_Activity_
The whole listing below, with no pictures, is to be repeated as it stands.

BEGIN Data segment

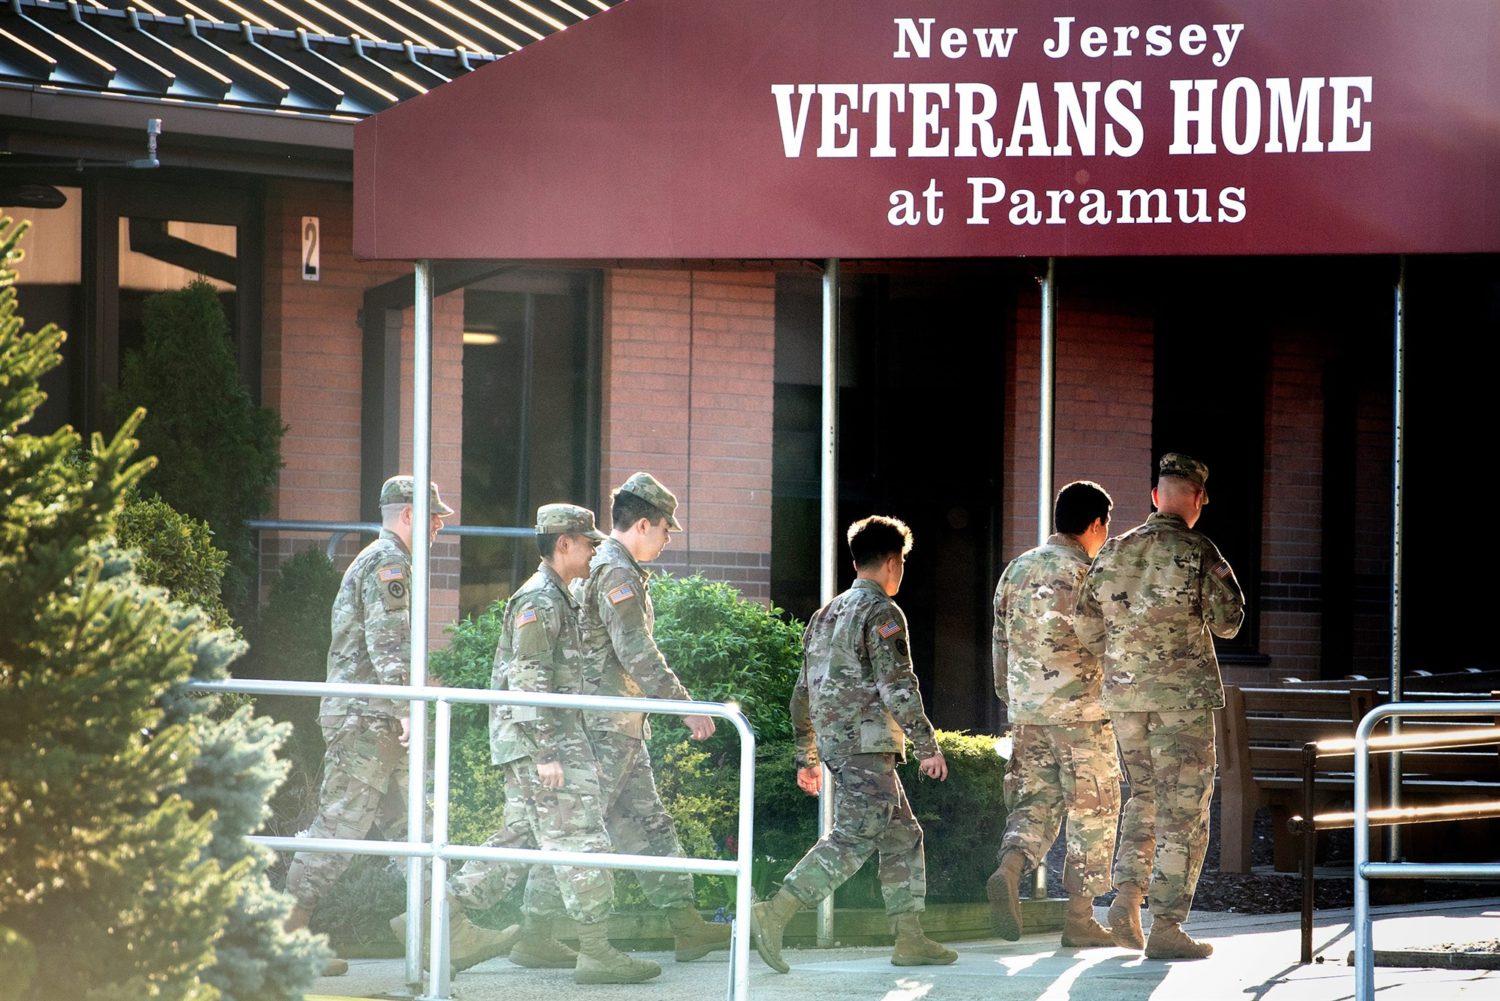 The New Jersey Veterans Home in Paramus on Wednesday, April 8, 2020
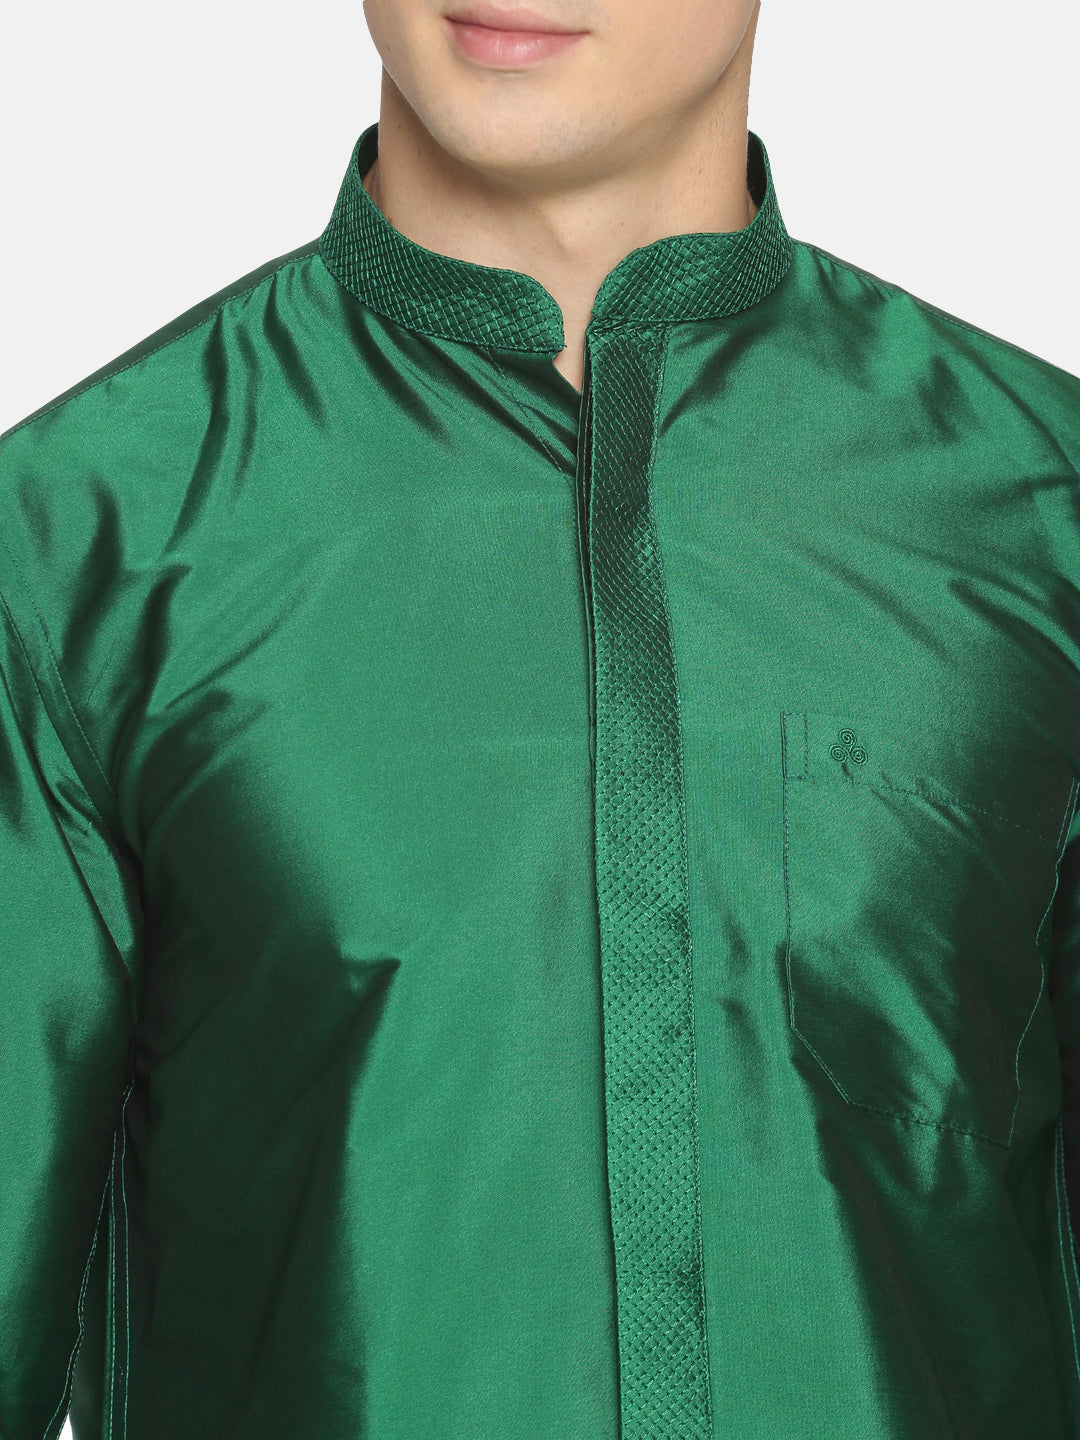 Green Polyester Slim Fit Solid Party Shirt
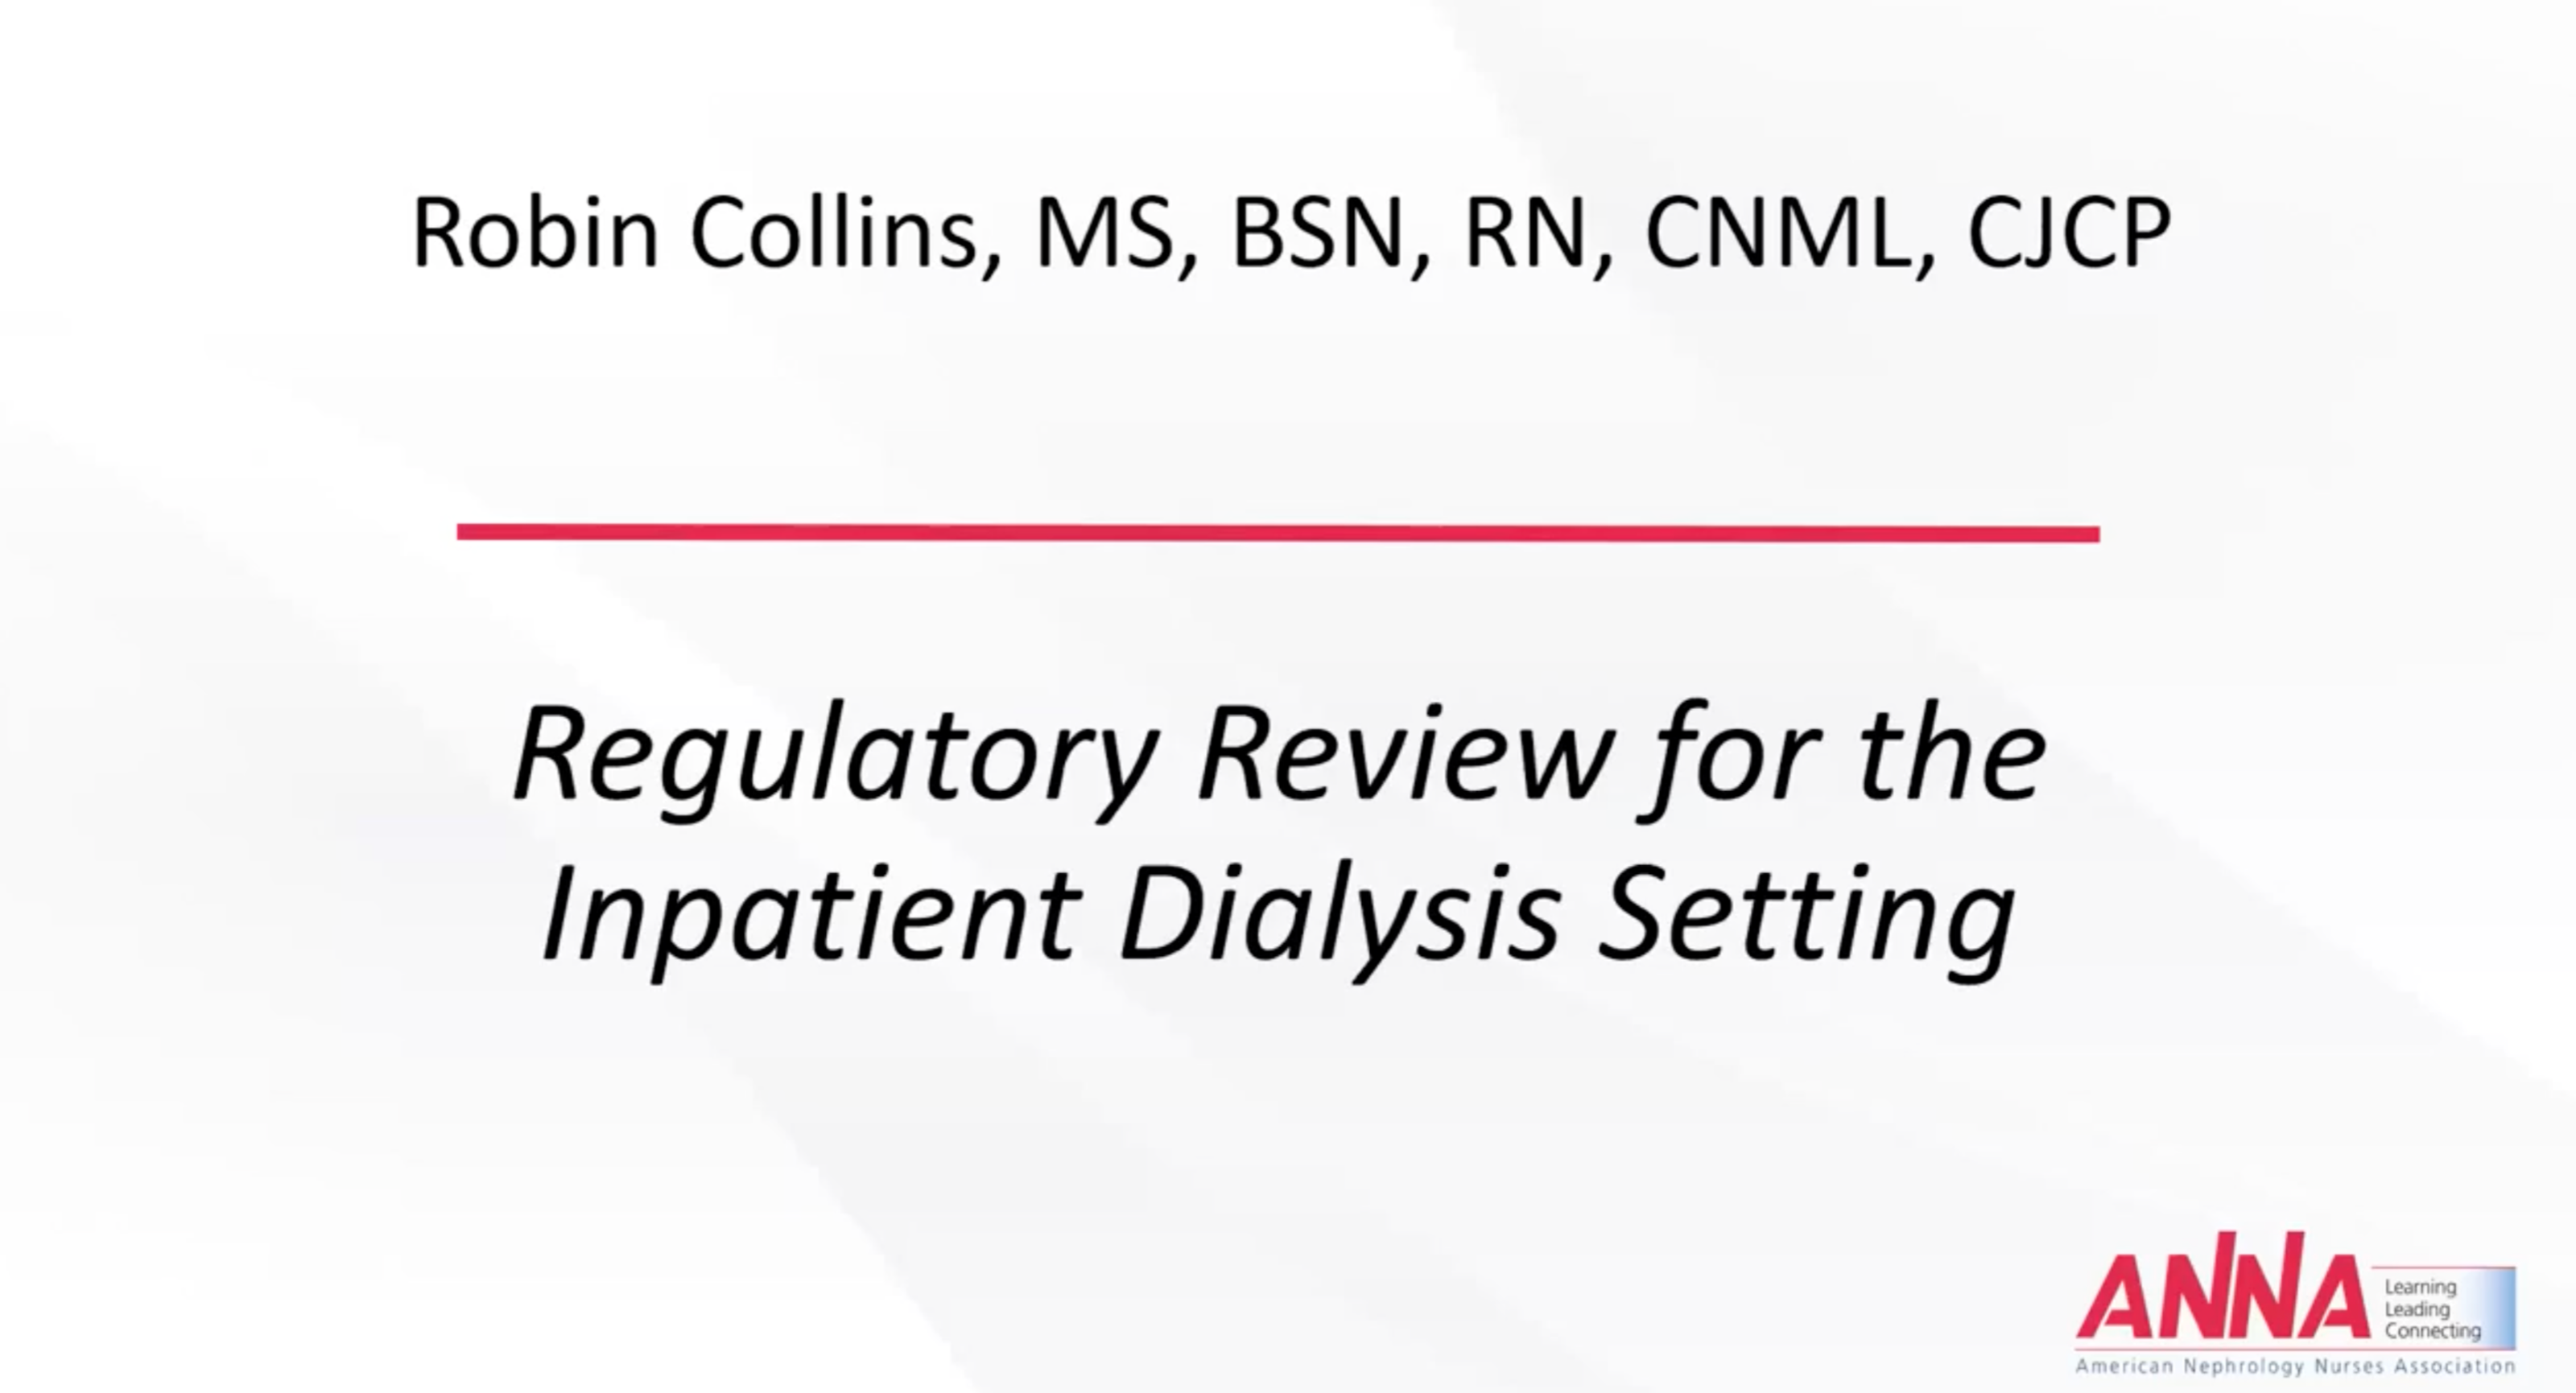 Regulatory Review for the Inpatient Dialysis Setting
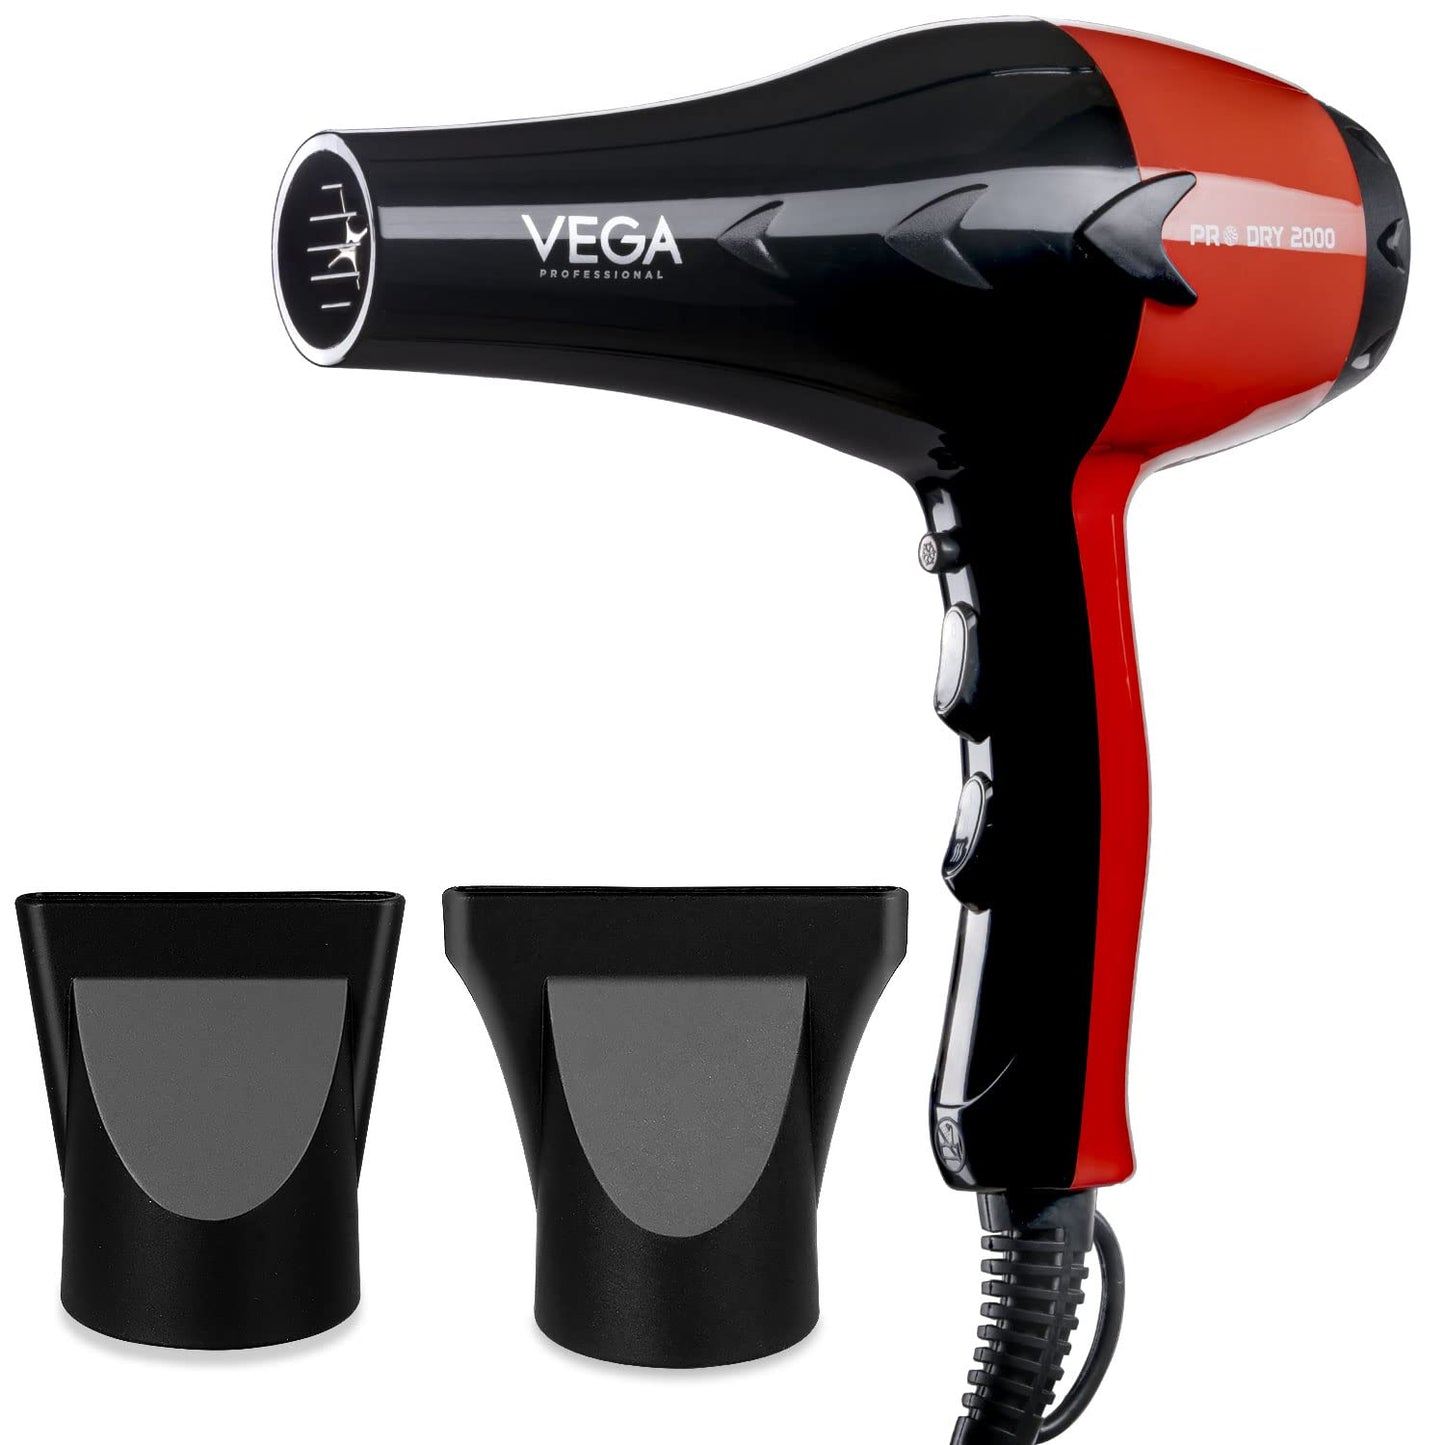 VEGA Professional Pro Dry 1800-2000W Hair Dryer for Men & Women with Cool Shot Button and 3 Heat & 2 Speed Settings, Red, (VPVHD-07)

END Data segment

_Written solution_
 The New Jersey Veterans Home in Paramus on Wednesday, April 8, 2020
 Green Polyester Slim Fit Solid Party Shirt
 Regulatory Review for the Inpatient Dialysis Setting
 VEGA Professional Pro Dry 1800-2000W Hair Dryer for Men & Women with Cool Shot Button and 3 Heat & 2 Speed Settings, Red, (VPVHD-07)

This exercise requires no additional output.